The correct choice of k is often ambiguous, with interpretations depending on the shape and scale of the distribution of points in a data set and the desired clustering resolution of the user. In addition, increasing k without penalty will always reduce the amount of error in the resulting clustering, to the extreme case of zero error if each data point is considered its own cluster (i.e., when k equals the number of data points, n). Intuitively then, the optimal choice of k will strike a balance between maximum compression of the data using a single cluster, and maximum accuracy by assigning each data point to its own cluster. If an appropriate value of k is not apparent from prior knowledge of the properties of the data set, it must be chosen somehow. There are several categories of methods for making this decision.
The elbow method looks at the percentage of explained variance as a function of the number of clusters: One should choose a number of clusters so that adding another cluster does not give much better modeling of the data. More precisely, if one plots the percentage of variance explained by the clusters against the number of clusters, the first clusters will add much information (explain a lot of variance), but at some point the marginal gain will drop, giving an angle in the graph. The number of clusters is chosen at this point, hence the "elbow criterion". In most datasets, this "elbow" is ambiguous, [1] making this method subjective and unreliable. Because the scale of the axes is arbitrary, the concept of an angle is not well-defined, and even on uniform random data, the curve produces an "elbow", making the method rather unreliable. [2] Percentage of variance explained is the ratio of the between-group variance to the total variance, also known as an F-test. A slight variation of this method plots the curvature of the within group variance. [3]

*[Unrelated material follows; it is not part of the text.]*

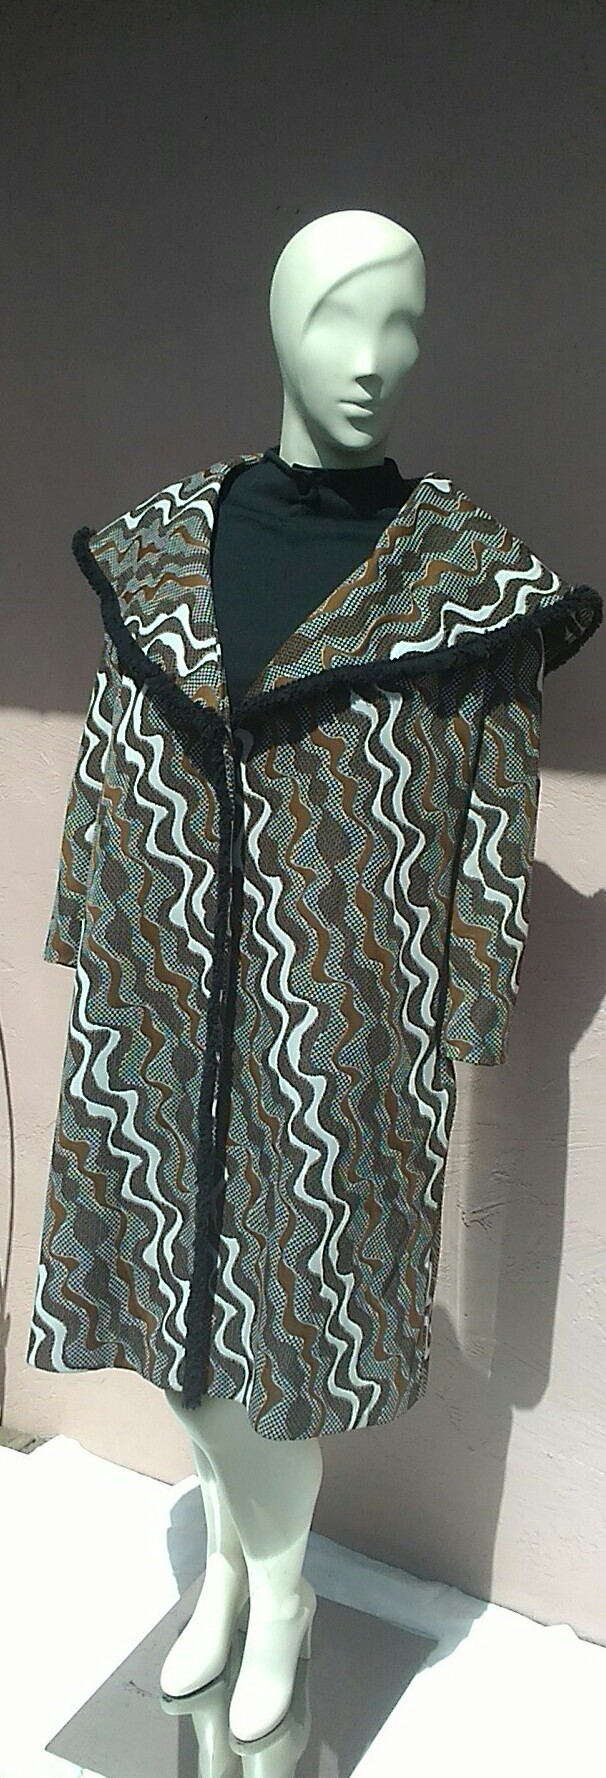 Vintage 1960's Fabulous Geometric Dress Coat Suit Ensemble by Designer Alfred Werber

The method can be traced to speculation by Robert L. Thorndike in 1953. [4] While the idea of the elbow method sounds simple and straightforward, other methods (as detailed below) give better results.
In statistics and data mining, X-means clustering is a variation of k-means clustering that refines cluster assignments by repeatedly attempting subdivision, and keeping the best resulting splits, until a criterion such as the Akaike information criterion (AIC) or Bayesian information criterion (BIC) is reached. [5]
Another set of methods for determining the number of clusters are information criteria, such as the Akaike information criterion (AIC), Bayesian information criterion (BIC), or the deviance information criterion (DIC) — if it is possible to make a likelihood function for the clustering model. For example: The k-means model is "almost" a Gaussian mixture model and one can construct a likelihood for the Gaussian mixture model and thus also determine information criterion values. [6]
Rate distortion theory has been applied to choosing k called the "jump" method, which determines the number of clusters that maximizes efficiency while minimizing error by information-theoretic standards. [7] The strategy of the algorithm is to generate a distortion curve for the input data by running a standard clustering algorithm such as k-means for all values of k between 1 and n, and computing the distortion (described below) of the resulting clustering. The distortion curve is then transformed by a negative power chosen based on the dimensionality of the data. Jumps in the resulting values then signify reasonable choices for k, with the largest jump representing the best choice.
The distortion of a clustering of some input data is formally defined as follows: Let the data set be modeled as a p-dimensional random variable, X, consisting of a mixture distribution of G components with common covariance, Γ. If we let be a set of K cluster centers, with the closest center to a given sample of X, then the minimum average distortion per dimension when fitting the K centers to the data is:
This is also the average Mahalanobis distance per dimension between X and the closest cluster center . Because the minimization over all possible sets of cluster centers is prohibitively complex, the distortion is computed in practice by generating a set of cluster centers using a standard clustering algorithm and computing the distortion using the result. The pseudo-code for the jump method with an input set of p-dimensional data points X is:
JumpMethod(X): Let Y = (p/2) Init a list D, of size n+1 Let D[0] = 0 For k = 1 ... n: Cluster X with k clusters (e.g., with k-means) Let d = Distortion of the resulting clustering D[k] = d^(-Y) Define J(i) = D[i] - D[i-1] Return the k between 1 and n that maximizes J(k)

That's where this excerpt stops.